I inherited a database with several single-digit billion row tables. Those tables have a varchar(36) column populated with uuids (all connected to each other via FKs) each currently supported by a btree index.
After the recent conversations about hash indexes I thought I'd do some comparisons to see if using a hash index could help and perhaps depriortize my burning desire to change the data type. We never look up uuids with inequalities after all. Indeed, in my test environments the hash index was half the size of the btree index, and the select performance was slightly faster than btree lookups. varchar(36) with hash index was roughly comparable to using a uuid data type (btree or hash index).
I was pretty excited until I tried to create the index on a table with the data (instead of creating it ahead of time and then loading up the test data).

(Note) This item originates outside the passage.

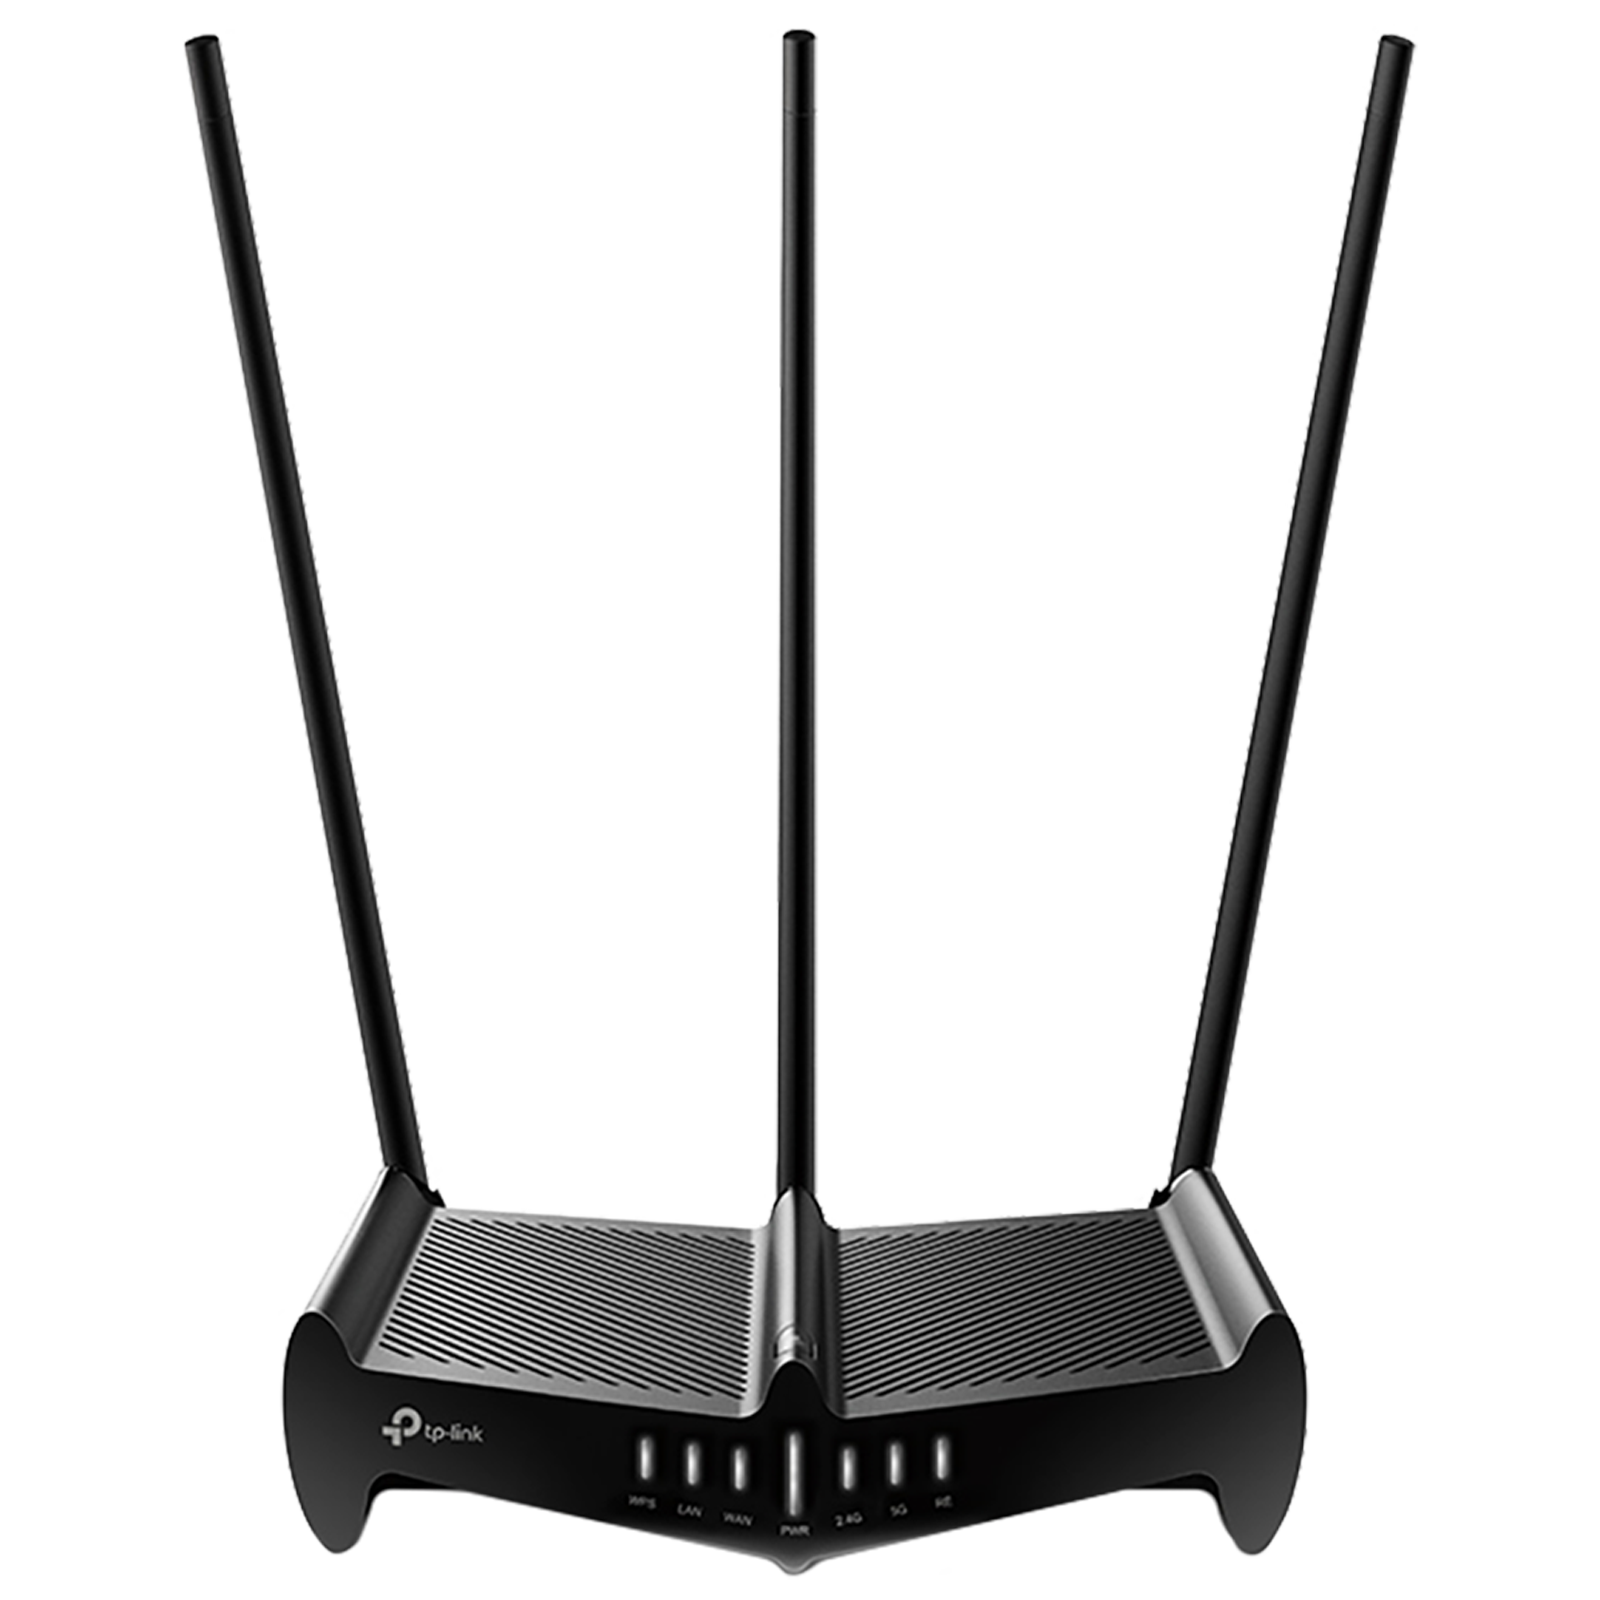 Tp-Link Archer C58HP AC1350 Dual Band Wi-Fi Router (3 Antennas, 4 LAN Ports, IPv6 Supported, 1750502289, Black)_1

Working in PG 14.5, on a tiny 9M row table, in an idle database, I found:
- creating the btree index on the varchar(36) column to consistently take 7 seconds
- creating the hash index on the varchar(36) to consistently take 1 hour
I was surprised at how dramatically slower it was. I tried this on both partitioned and non-partitioned tables (with the same data set) and in both cases the timings came out similar.
I also tried creating a hash index on a varchar(100) column, also with 9M rows. I gave up after it did not complete after several hours. (it wasn't locked, just slow)
While I was experimenting with the different index types, I did some insert tests. After putting the hash index on the column, the inserts were significantly slower. The btree index was 6-7x slower than no index, and the hash index was 100x slower than no index.
Assuming I can live with the slower inserts, is there any parameter in particular I can tweak that would make the time it takes to create the hash index closer to the btree index creation time? In particular if I wanted to try this on a several billion row table in a busy database?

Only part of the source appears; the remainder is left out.